Jadi, kebahagiaan adalah aktivitas yang memiliki tujuan pada dirinya sendiri dan bukan pada
aktivitas lain, serta mandiri dan bertindak sesuai dengan kebajikan. Kebahagiaan bukanlah aktivitas
yang selaras dengan kebajikan apa pun, tetapi dengan kebajikan tertinggi, dan ini akan bergantung
pada kemampuan tertinggi: dalam kasus manusia, intelek. Oleh karena itu, kebahagiaan adalah hidup
sesuai dengan intelek, atau kontemplasi yang disertai dengan aspek manusiawi lainnya
(persahabatan, kesejahteraan, dll.)
Tetapi Aristoteles telah mengatakan kebajikan diperlukan, dan dia tidak meninggalkan aspek
esensial ini, tetapi menunjukkan kebahagiaan itu sendiri ditemukan, tetapi secara analog, dalam
kebajikan karakter, sehingga kebiasaan kebajikan yang berhasil mereka bawa. kesenangan.
Selanjutnya, perenungan dicapai dalam kehidupan ini hanya dengan kebajikan.
Untuk membentuk kebiasaan yang diperlukan untuk kebahagiaan ini, diperlukan pendidikan, dan ini
membutuhkan undang-undang. Tetapi untuk merumuskan hukum yang baik, diperlukan
pengalaman. Oleh karena itu, perlu mempelajari politik dan dengan ajakan ini, Aristoteles
menyelesaikan karyanya.
Penerimaan □
Thomas Aquinas adalah salah satu komentator terpenting tentang Etika Nicomachean.
Filsafat etis yang muncul dari risalah Aristoteles ini dikenal sebagai eudaemonisme karena tempat
yang ditempati oleh gagasan kebahagiaan sebagai tujuan dari tindakan moral.
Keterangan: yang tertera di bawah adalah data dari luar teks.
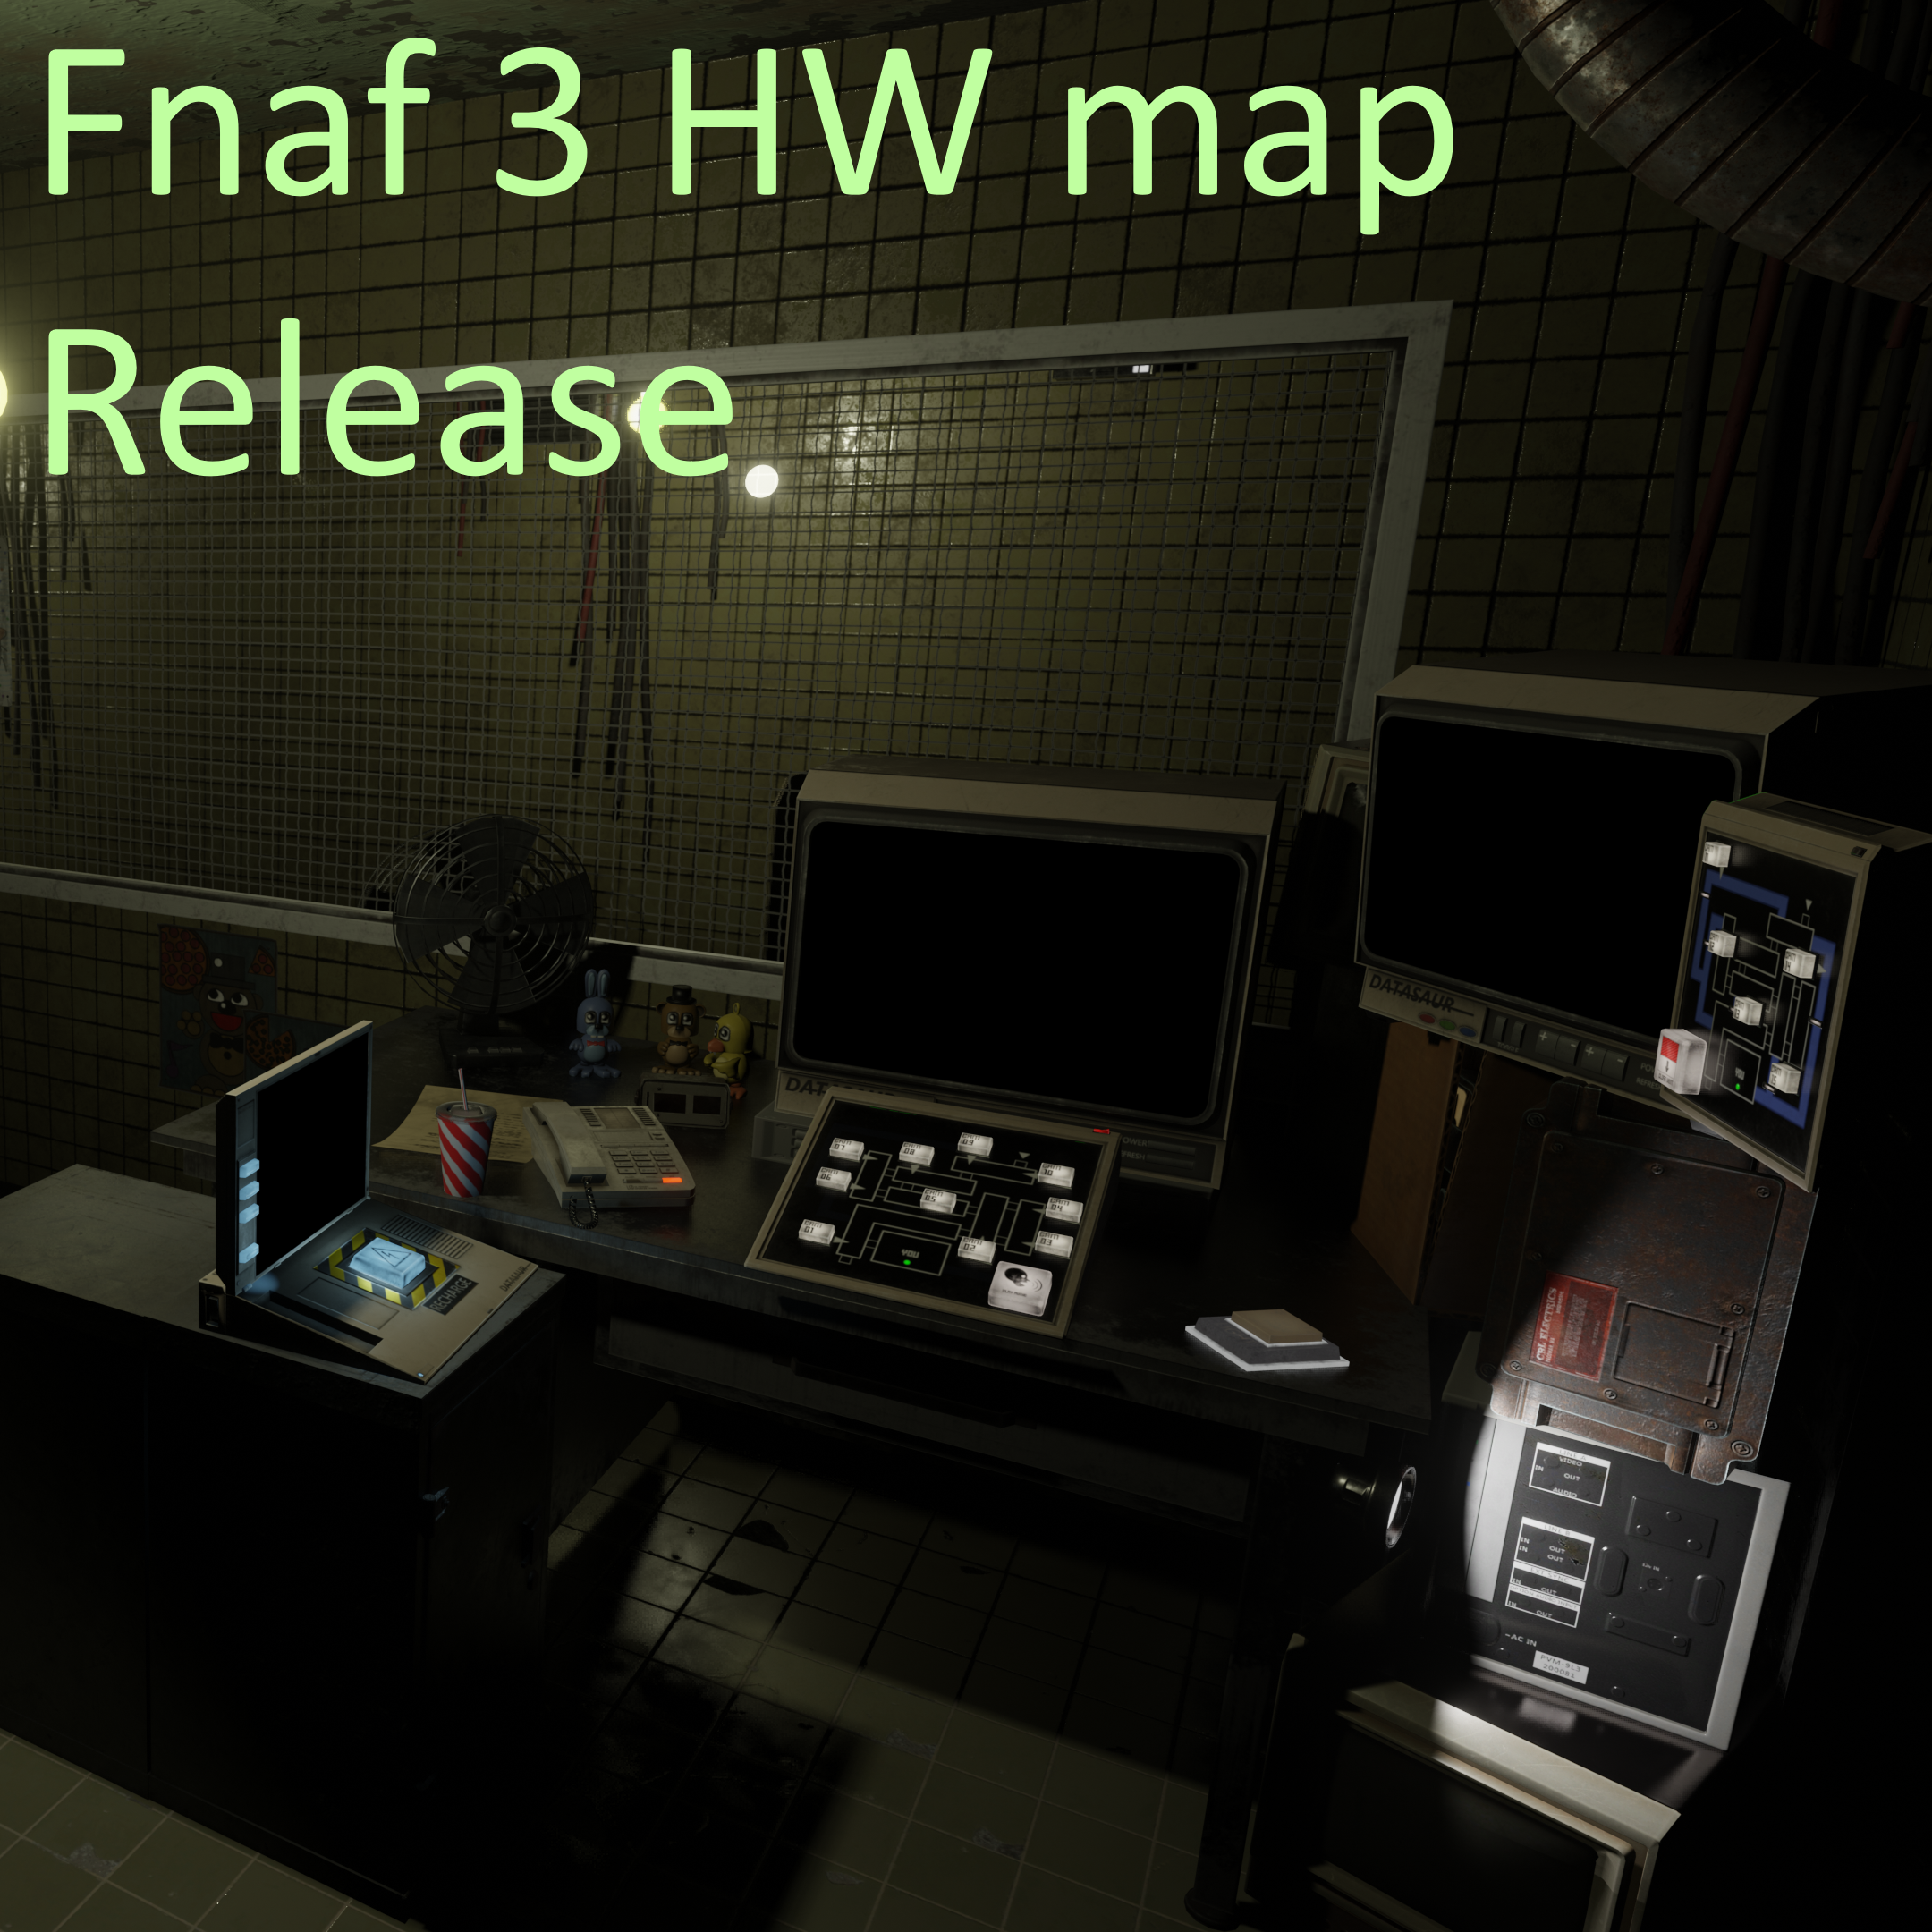 FNaF 1 Map V4 Blender Release by Spinofan on DeviantArt

Namun, harus
diklarifikasi bahwa kebahagiaan yang dibicarakan di sini adalah kontemplasi, suatu kebajikan yang
hanya sebagian, karena kebahagiaan itu sendiri tidak melibatkan menjadi baik, tetapi bertindak baik
dengan intelek. Di sisi lain, dan sebagai pelengkap, ada kebutuhan untuk mencapai kebajikan
karakter, yang menyiratkan kehati-hatian dan keadilan hidup.
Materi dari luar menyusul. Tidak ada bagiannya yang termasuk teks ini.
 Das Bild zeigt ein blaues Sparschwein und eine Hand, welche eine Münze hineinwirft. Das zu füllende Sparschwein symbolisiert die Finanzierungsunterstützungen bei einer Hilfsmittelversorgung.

Bagi para filsuf selanjutnya, Etika Nicomachean selalu menjadi karya fundamental, baik mereka
setuju atau tidak dengan postulatnya. Etika Aristoteles telah melahirkan berbagai kesimpulan.
Awalnya dia memimpin para pengikutnya ke materialisme. Filsuf Arab Avicenna dan Averroes
menggunakannya dan melalui mereka mencapai skolastisisme pada abad ke-13 dengan penulis
seperti Alberto Magno dan Tomás de Aquino, yang mengubahnya menjadi salah satu landasan alami
etika. Yang lain telah menolak etika ini secara eksplisit, seperti kaum Stoa dan Epikurean.
Keberhasilannya dapat dicontohkan dengan kalimat yang sering diulang: "kebajikan ada di tengah"
dan konsep kebahagiaan sebagai akhir dan konsekuensi dari kebajikan.